I have to do some computations in GPU before passing my data to my models. Lets say for simplicity I compute the mean (1st moment) and std (2nd moment). How do I make sure this is done in GPU in during the dataset/dataloader processing?
(I am assuming that doing such computations on say, numpy, is worse than just doing it directly in Pytorch’s GPU code)
e.g. code I just made up:
def get_data():
D_emb1 = 6
D_emb2 = 7
D_emb3 = 8
a = np.random.rand(3, D_emb1, D_emb2, D_emb3)
b = np.random.rand(5, D_emb1, D_emb2, D_emb3)
c = np.random.rand(2, D_emb1, D_emb2, D_emb3)
d = np.random.rand(1, D_emb1, D_emb2, D_emb3)
return a, b, c, d
def collate_fn_gpu(batch):
'''
Collate function that maps data samples to Tensor then calls the ops on GPU.
'''
batch_size = len(batch)
trailing_dims = batch[0].shape[1:]
#new_batch = torch.zeros(batch_size,*trailing_dims)

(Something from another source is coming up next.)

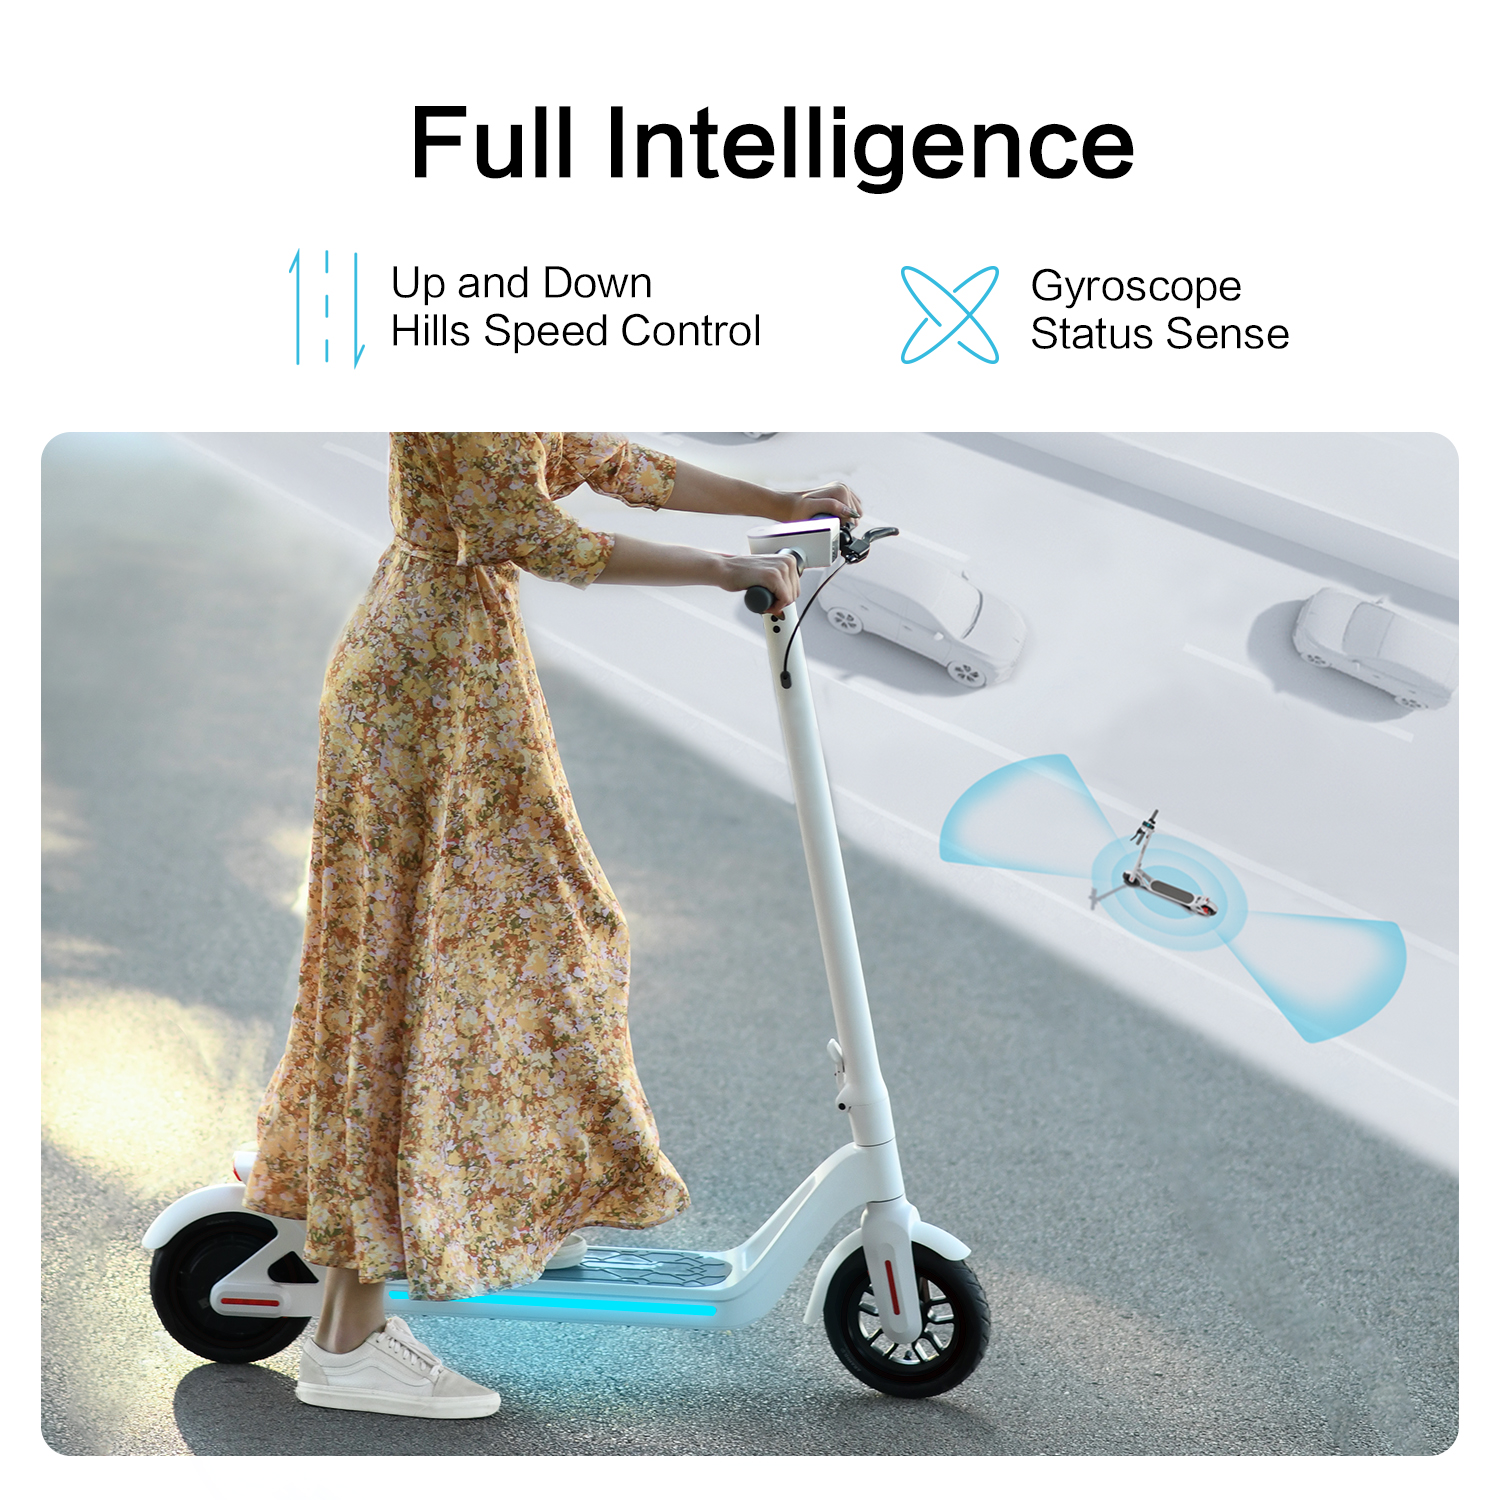 Electric Scooter A8 White

new_batch = torch.zeros(batch_size)
for i in range(batch_size):
new_batch[i] = torch.Tensor(batch[i]).to(device).std()
return new_batch
def main():
transform = None
#transform, trainset, trainloader, testset, testloader = get_cifar10(collate_fn)
## generate fake data
a,b,c,d = get_data(name)
data = [a, b, c, d]
## create data set
dataset = DataSet(data)
## create data laoder
trainloader = torch.utils.data.DataLoader(dataset, batch_size=3, shuffle=True, num_workers=0, collate_fn=collate_fn_gpu)
##
for data in trainloader:
print(data)
if __name__ == '__main__':
main()